Preparation of Ketoprofen loaded Pellets by Powder Layering Technique: 100 mg drug was weighed as per the recommended dosage of ketoprofen. Precisely weigh the amount of nonpareil seeds needed. The nonpareil seeds were dried at 35 °C to eliminate moisture. These nonpareil seeds were then transferred to a tablet-coating pan, having a bed temperature of 35 °C. A 5% PVP K-30 solution in water: isopropyl alcohol (30:70) was used as a binder solution. The binder solution was sprayed with the help of a spray gun till the bed became wet and then after immediate talc and then the powdered drug was added over the wet bed of the pellets. Mixing was done with great care to get the optimum loading of the drug. After the preparation of drug-loaded pellets, each batch of the loaded pellets was dried inside a hot air oven at 45 °C for 30 min 13.
TABLE 1: COMPOSITION OF KETOPROFEN DRUG LOADED PELLETS
|Formulation||Non par-il (mg)||Ketoprofen (mg)||Eudragit S100: Eudragit L100 (Ratio)||Level of coating (%)||Talc (%w/w)||DBP
|F1||400mg||100mg||1:1||10%||5% w/w||2% w/w|
|F2||400mg||100mg||1:1||15%||5% w/w||2% w/w|
|F3||400mg||100mg||1:1||20%||5% w/w||2% w/w|
|F4||400mg||100mg||1:4||10%||5% w/w||2% w/w|
|F5||400mg||100mg||1:4||15%||5% w/w||2% w/w|
|F6||400mg||100mg||1:4||20%||5% w/w||2% w/w|
|F7||400mg||100mg||1:3||10%||5% w/w||2% w/w|
|F8||400mg||100mg||1:3||15%||5% w/w||2% w/w|
|F9||400mg||100mg||1:3||20%||5% w/w||2% w/w|
|F10||400mg||100mg||2:3||10%||5% w/w||2% w/w|
|F11||400mg||100mg||2:3||15%||5% w/w||2% w/w|
|F12||400mg||100mg||2:3||20%||5% w/w||2% w/w|
|F13||400mg||100mg||3:2||10%||5% w/w||2% w/w|
|F14||400mg||100mg||3:2||15%||5% w/w||2% w/w|
|F15||400mg||100mg||3:2||20%||5% w/w||2% w/w|
|F16||400mg||100mg||3:1||10%||5% w/w||2% w/w|
|F17||400mg||100mg||3:1||15%||5% w/w||2% w/w|
|F18||400mg||100mg||3:1||20%||5% w/w||2% w/w|
|F19||400mg||100mg||4:1||10%||5% w/w||2% w/w|
|F20||400mg||100mg||4:1||15%||5% w/w||2% w/w|
|F21||400mg||100mg||4:1||20%||5% w/w||2% w/w|
TABLE 2: INGREDIENTS OF COATING SOLUTION
|Eudragit S100 and Eudragit L100 ratio||Eudragit S 100 (gm)||Eudragit L 100 (gm)|
Preparation of Coating Solution: The required quantity of Eudragit L100 and Eudragit S100 were dissolved in a previously plasticized mix solvent of acetone and isopropyl alcohol and stirred with a magnetic stirrer to make the coating solution homogeneous. Dibutyl phthalate was used in the above coating solution as a plasticizer (2% w/w of the dry weight of the polymer). After obtaining a homogeneous coating solution, the coating of the uncoated drug-loaded pellets was performed with utmost care. The theoretical percentage of weight gain (TWG) while applying the mix polymeric coating over the drug-loaded pellets was kept constant at three levels i.e. 20, 15, and 10% w/v. The ratio of two methacrylic acid and methyl methacrylate copolymer mixtures in the different batches of the coating solutions were 1:1, 1:4, 1:3, 2:3, 3:2, 3:1, 4:1 as shown in Table 2.

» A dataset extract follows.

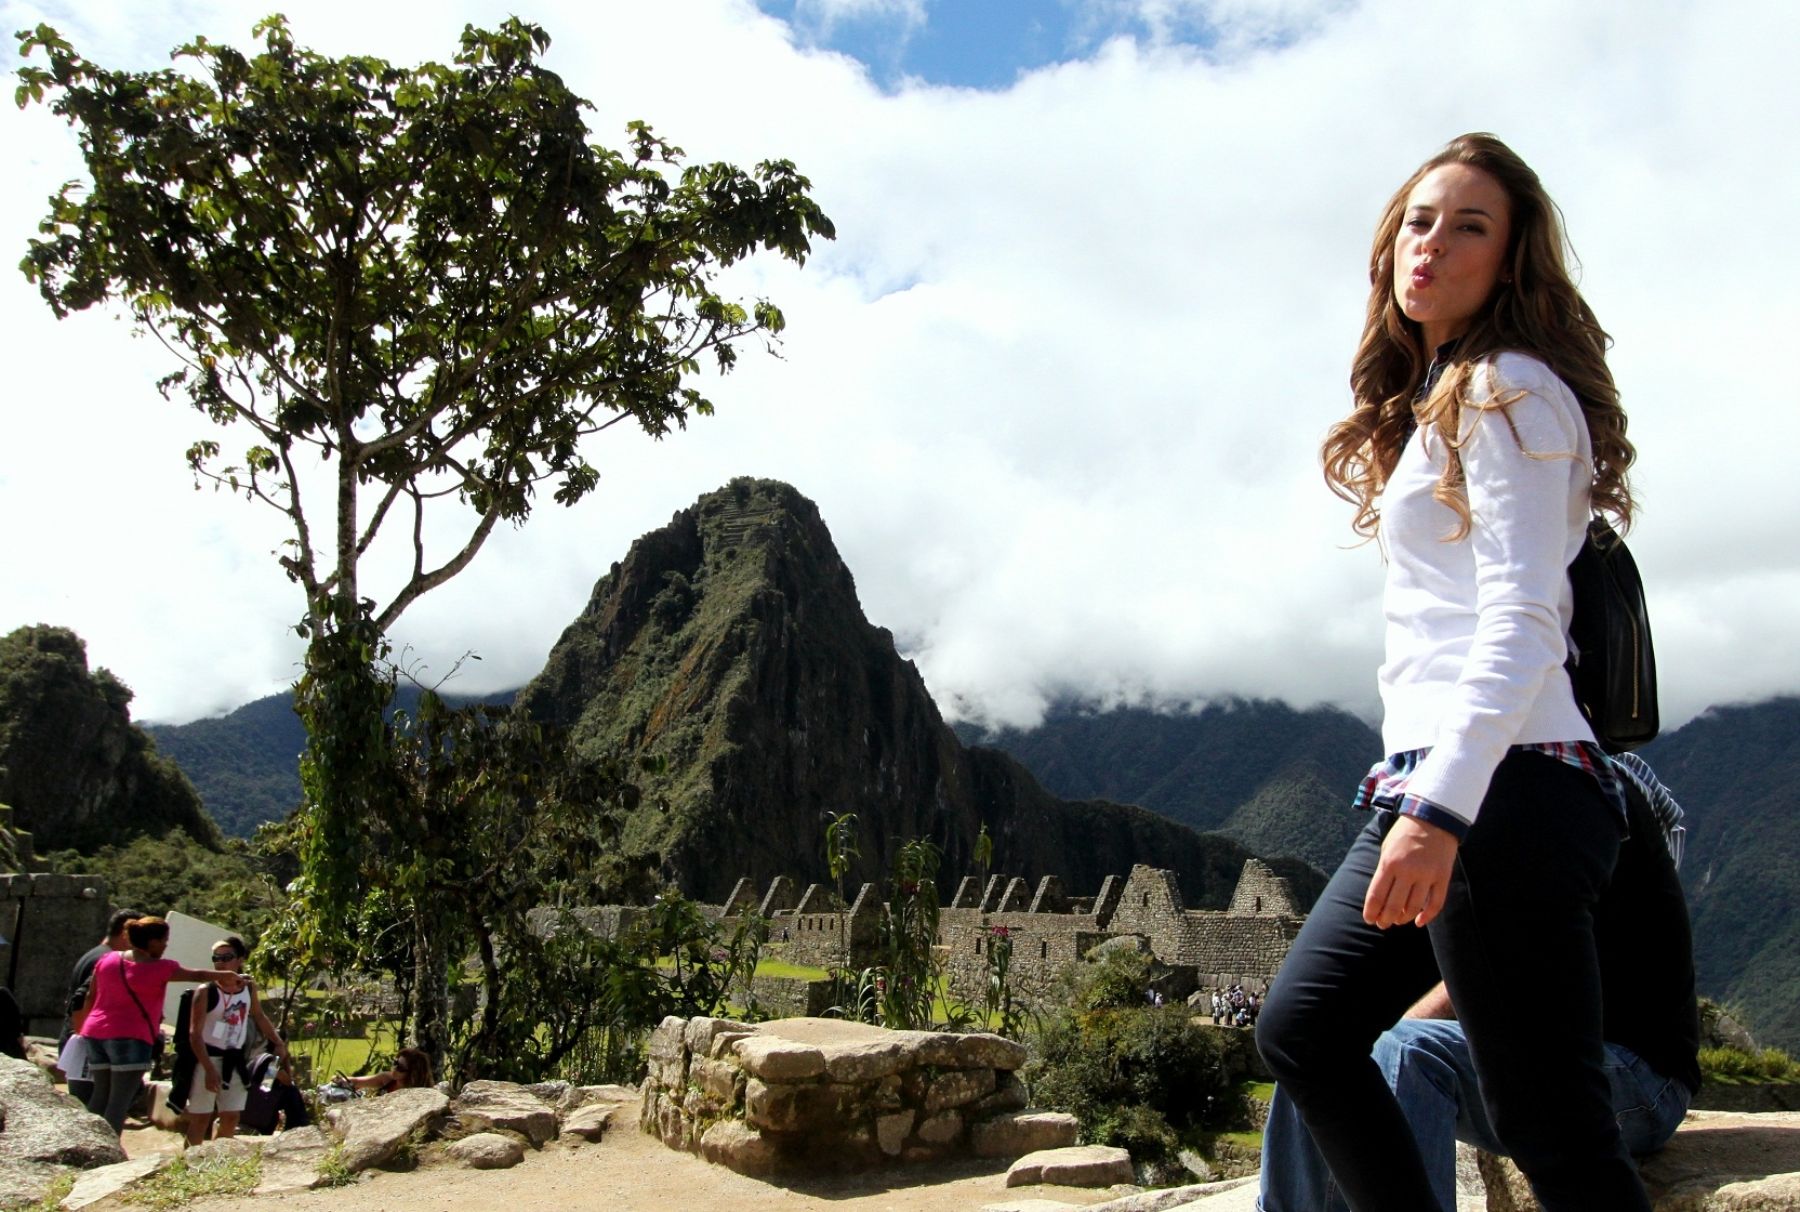 La actriz brasileña Paolla Oliveira se mostró feliz por su visita a Machu Picchu, donde grabó escenas de la telenovela que protagoniza.
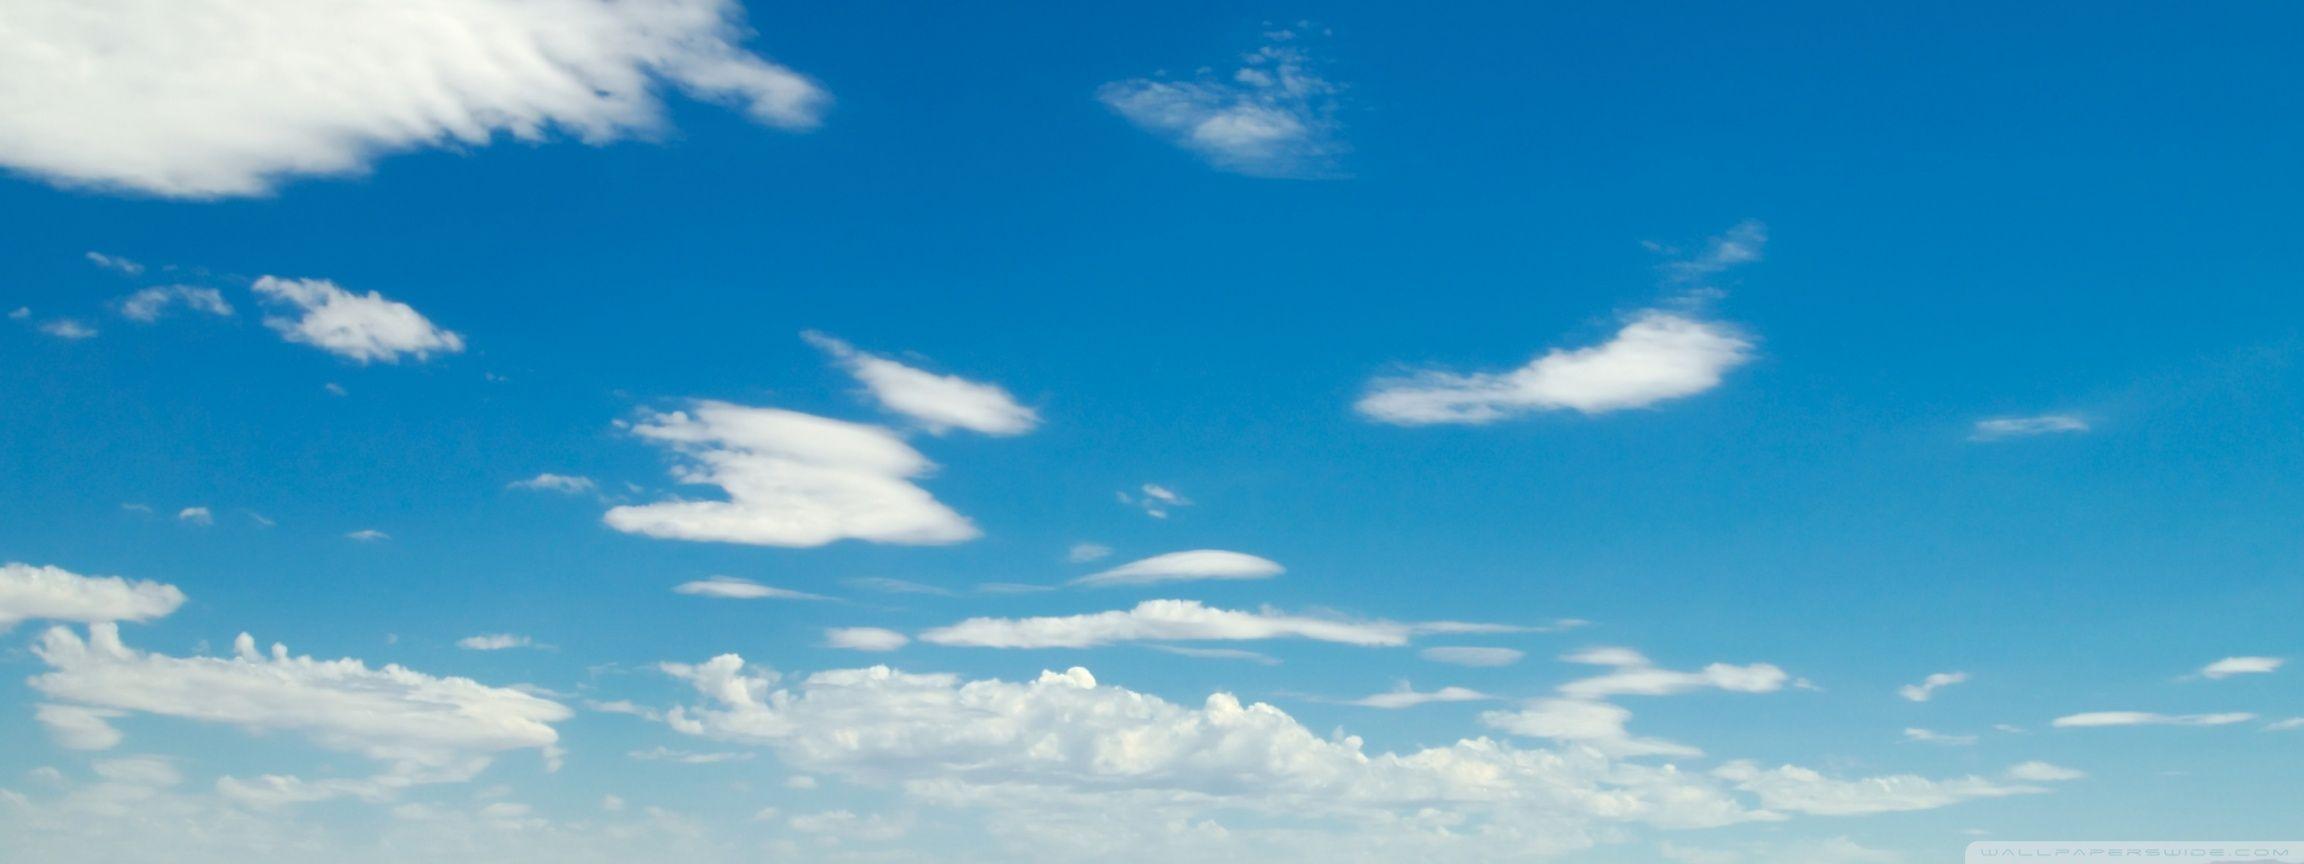 Sky Clouds HD desktop wallpaper, High Definition, Fullscreen

Evaluation of Ketoprofen Drug Loaded Pellets:
Drug Entrapment Efficiency: Drug loaded pellets theoretically containing 10 mg of the drug was weighed and transferred into a 10 ml centrifuge tube. The volume was adjusted to 10 ml by ethanol. This solution was kept on an ultrasound bath sonicator for 30 min. After this, the solution was filtered, and it was further diluted to a certain linearity range by adding distilled water. It was then estimated for ketoprofen content in a UV-Visible spectrophotometer at 258 nm against an appropriate blank 14.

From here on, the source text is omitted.